I believe if you write a bat file to run the scripts it will automatically use the directory it is in as the working directory. – Swift 15/3, 2017 at 17:0

Linking related older question: stackoverflow.com/questions/7222107 – Lillalillard 14/9, 2023 at 21:8

M

22

If you are distributing a script to colleagues, you should really not be writing a script that sources other scripts. What if you want to rename or move functions.R in the future? What if you need to modify a function in functions.R, but wrapper.R relies on the older version of that function? It's a flimsy solution that will cause headache. I would recommend either of the following instead.

Put everything needed into a single, self-contained script and distribute that.
If you really want to separate code into different files, write a package. Might sound like overkill, but packages can actually be very simple and lightweight. In the simplest form a package is just a directory with a DESCRIPTION and NAMESPACE file along with an R/ directory. Hadley breaks this down nicely: https://r-pkgs.org/whole-game.html.

Malefactor answered 15/3, 2017 at 17:50 Comment(8)

Aaah, okay, that was a concept I didn't really envision... If I want to go the "package"-route, what if my project is a mixed-language project? If I have a small number of Python scripts in addition to the R ones? What would be a good way to distribute such a project? – Damron 15/3, 2017 at 20:40

If you want to go the package route, create a directory in your package called inst/python/ and put the python scripts in there. More info from Hadley: r-pkgs.had.co.nz/inst.html#inst-other-langs. – Malefactor 15/3, 2017 at 21:2

If you want to do a single R script followed by a single python script, feather is probably your best option. It is the best way to share data.frame-like objects between R and python (I'm assuming this is data-pipeline script): blog.rstudio.org/2016/03/29/feather – Malefactor 15/3, 2017 at 21:4

@Sajber feel free to accept this answer if it helped :) – Malefactor 16/3, 2017 at 20:41

It did help, thanks! Related question: now that I've gone the package route (it was easier than I initially thought, at least the R parts), how would I distribute the wrapper script? The wrapper should only be run from the command line, so it's not really part of the package itself (if I understand package strucutre correctly), but calls all the functions in the package. Where should I put the file? How do I make it available together with the package, but make it clear that it should be run from the command line? – Damron 17/3, 2017 at 8:56

You should place them in exec/, and when you install the package place a sym link in your $PATH that links to /path/to/your/installed/package/exec/your_script. Also make sure you learn how to use devtools, particularly load_all(). – Malefactor 17/3, 2017 at 13:42

"Put everything needed into a single, self-contained script and distribute that." Bad, bad, bad programming practice. Readability counts. – Waldron 16/1, 2018 at 14:36

"In the simplest form a package is just a directory..." this is oversimplified. The source for a package is a directory with certain files and subdirs, but to actually load the package into R, it has to be compiled first. This can be tricky for a beginner. – Spill 11/3, 2020 at 19:16

G

30

You can do this using the here package. It uses the "current working directory at the time when the package is loaded". In other words, the directory you start your R session from.

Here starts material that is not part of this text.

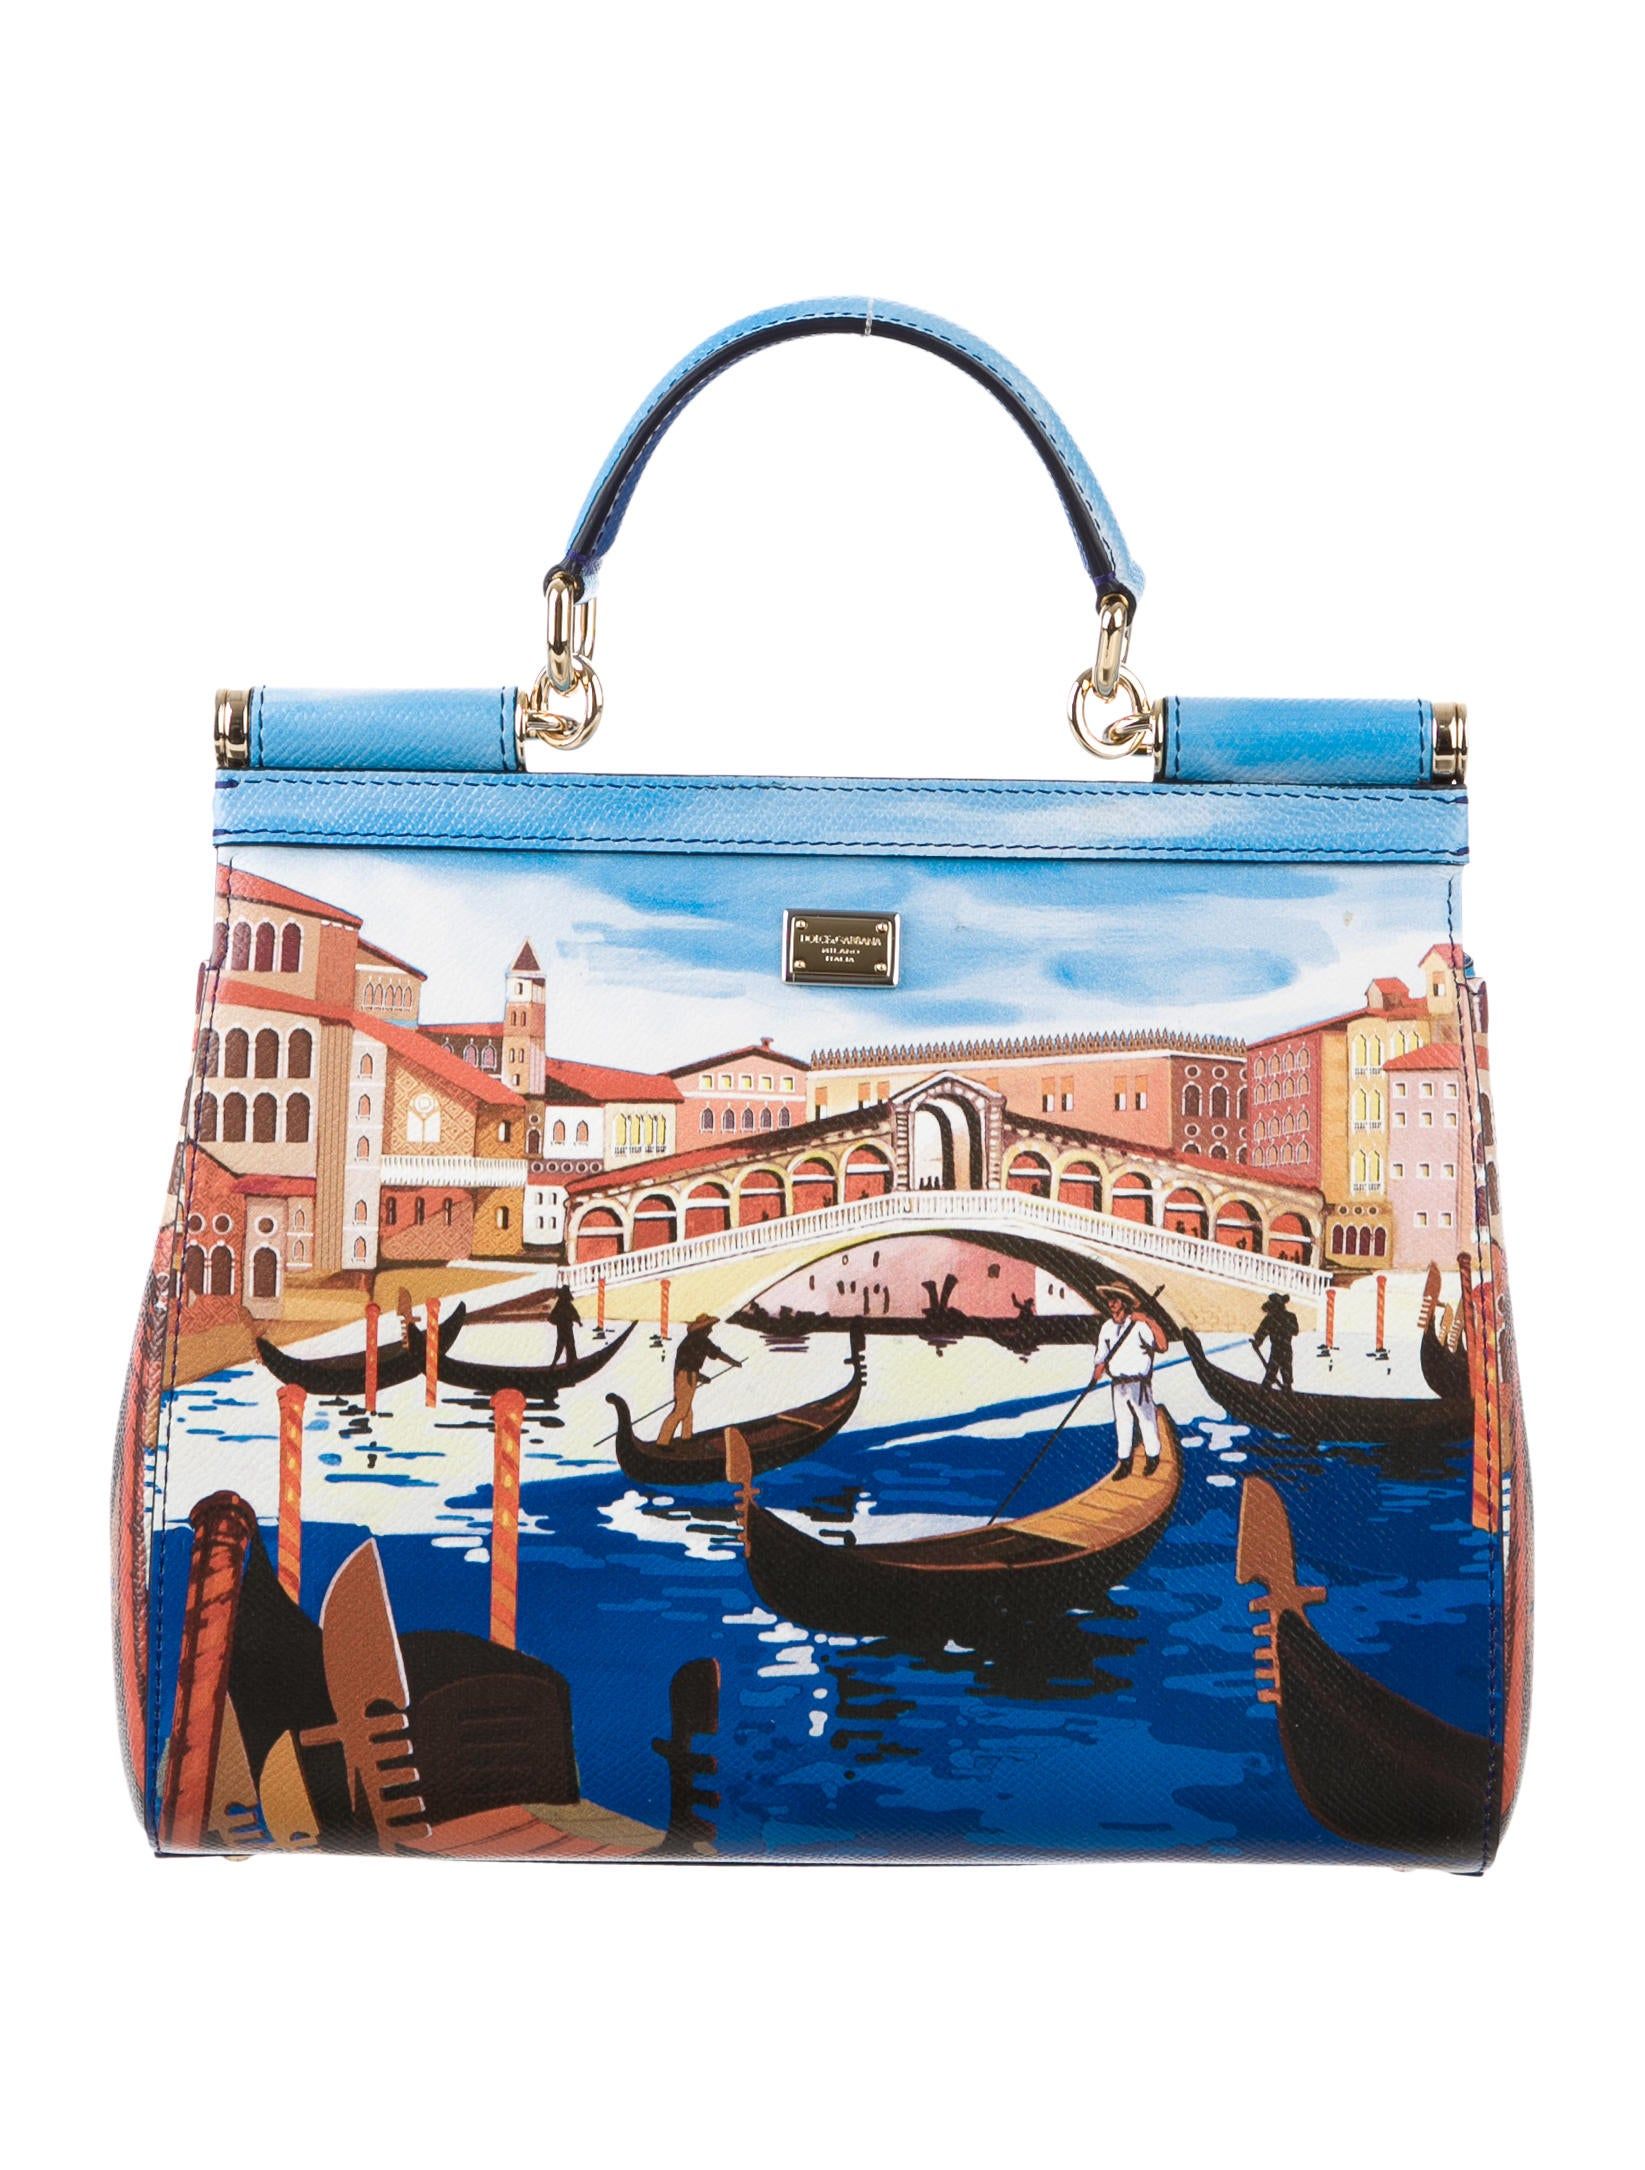 Dolce Amp Gabbana 2016 Miss Sicily Venezia Bag Handbags

In your case the code would be:

source(here::here('functions.R'))

This will work even if the wrapper script wrapper.R is in a different directory in the project.

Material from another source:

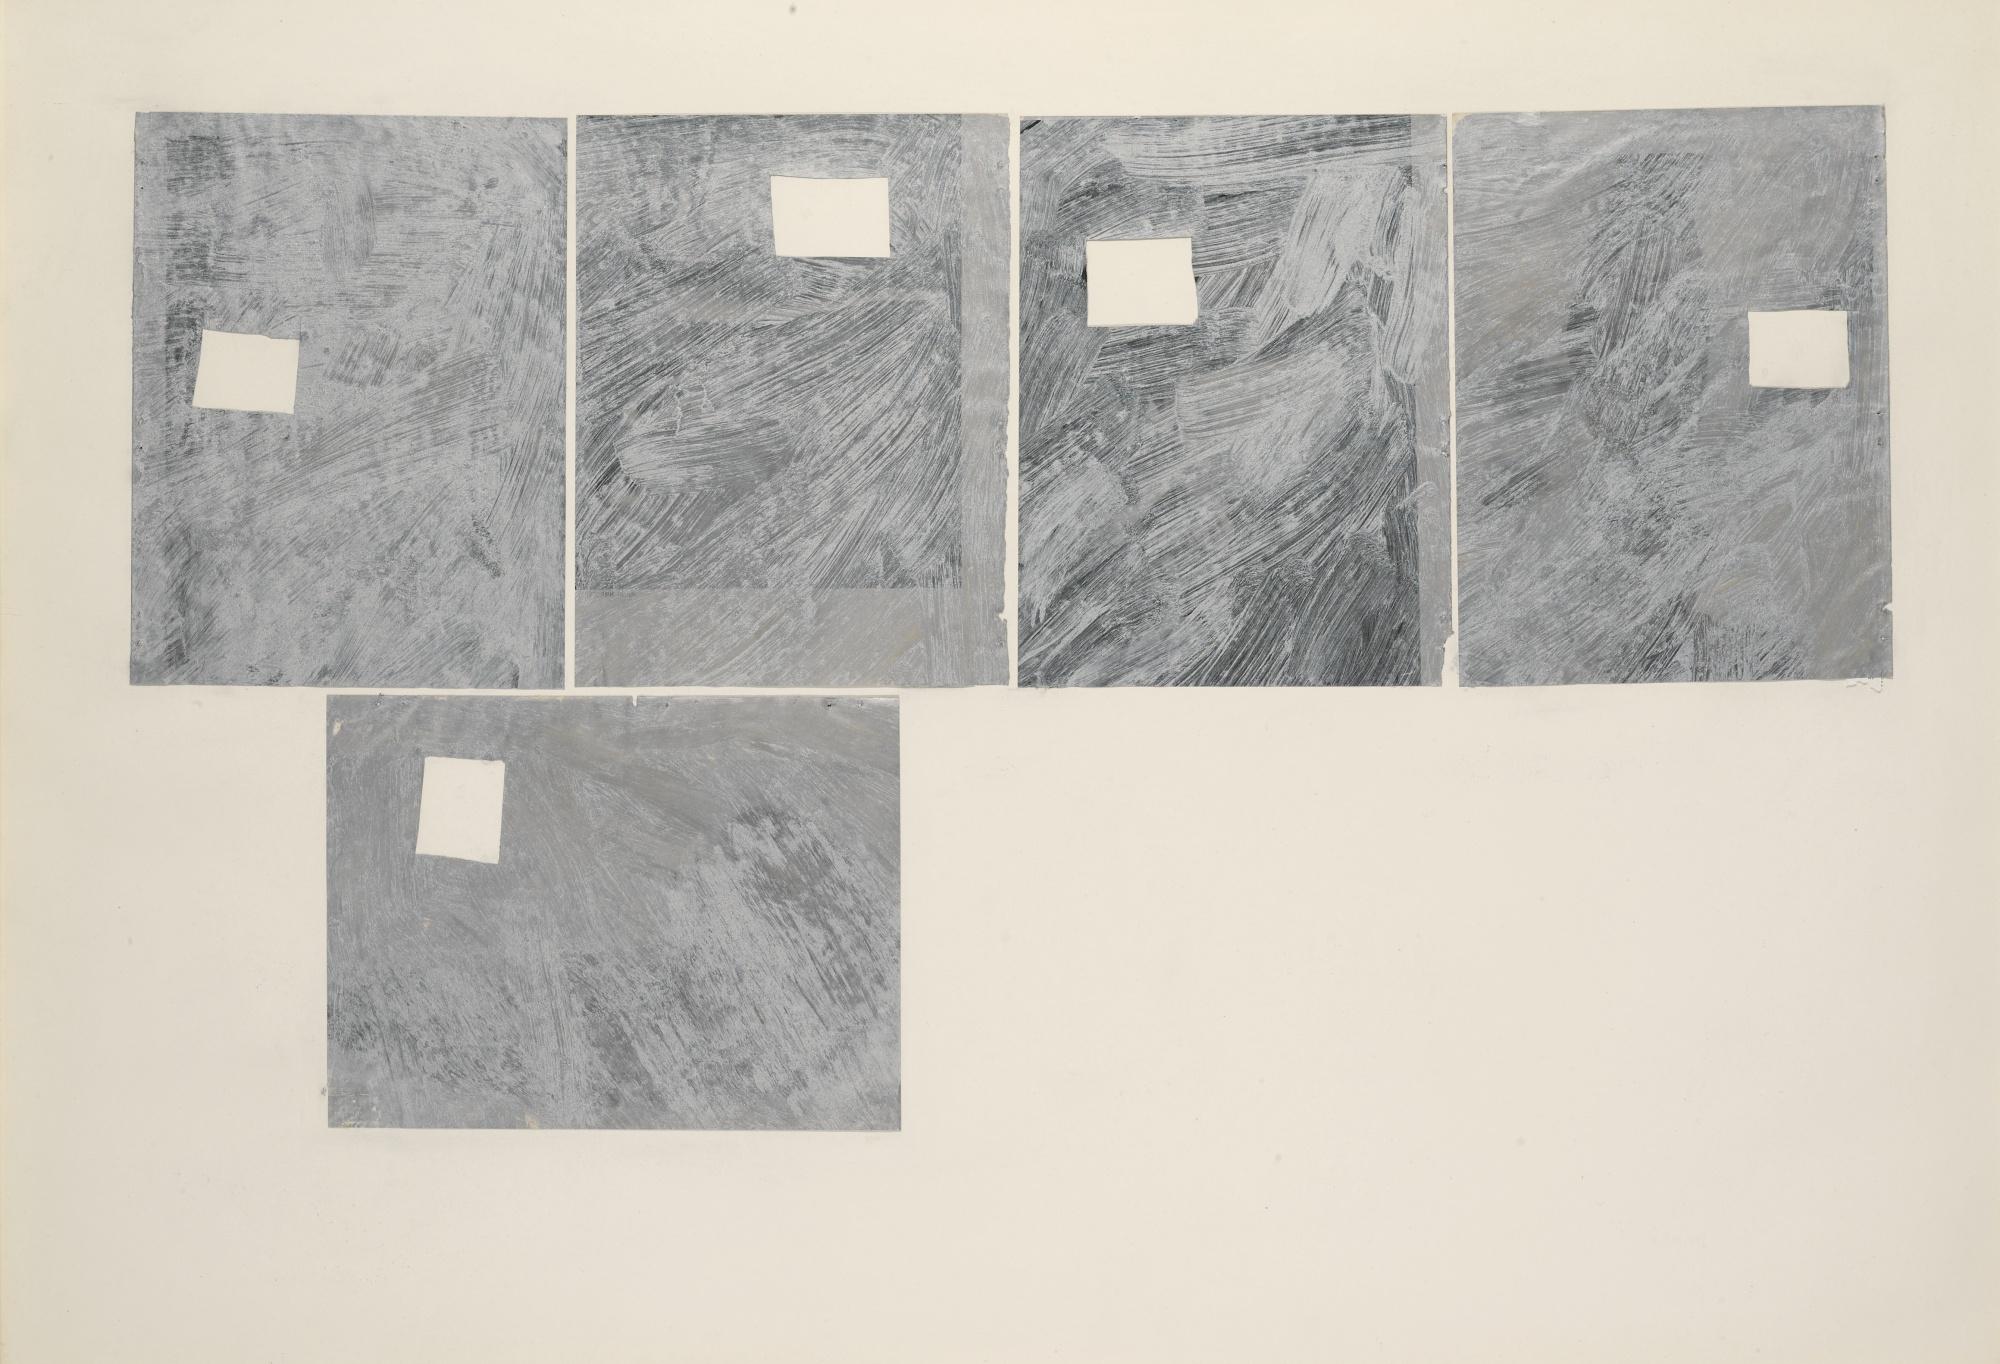 Joseph Beuys-Untitled-1963

If functions.R is in a subdirectory of the project, just add it to the call to here(), to complete the relative path:

source(here::here('subdirectory', 'functions.R'))

Granulose answered 3/2, 2018 at 22:36 Comment(2)

I just discovered the here package and it is solving all sorts of file path issues for me. I encourage folks to try it out. – Faletti 6/5, 2021 at 16:36

"In other words, the directory you start your R session from." — Which is generally not the directory where the code resides. For interactive RStudio projects and exploratory notebooks it happens to be the case but for other types of project it isn’t; notably, for any kind of self-contained application (e.g. command line utilities). Those are almost always launched in a directory that is completely unrelated to the location of the code. here::here does not work in those cases. – Pandarus 3/4, 2023 at 7:37

M

22

If you are distributing a script to colleagues, you should really not be writing a script that sources other scripts. What if you want to rename or move functions.R in the future? What if you need to modify a function in functions.R, but wrapper.R relies on the older version of that function? It's a flimsy solution that will cause headache. I would recommend either of the following instead.

Put everything needed into a single, self-contained script and distribute that.
If you really want to separate code into different files, write a package. Might sound like overkill, but packages can actually be very simple and lightweight. In the simplest form a package is just a directory with a DESCRIPTION and NAMESPACE file along with an R/ directory. Hadley breaks this down nicely: https://r-pkgs.org/whole-game.html.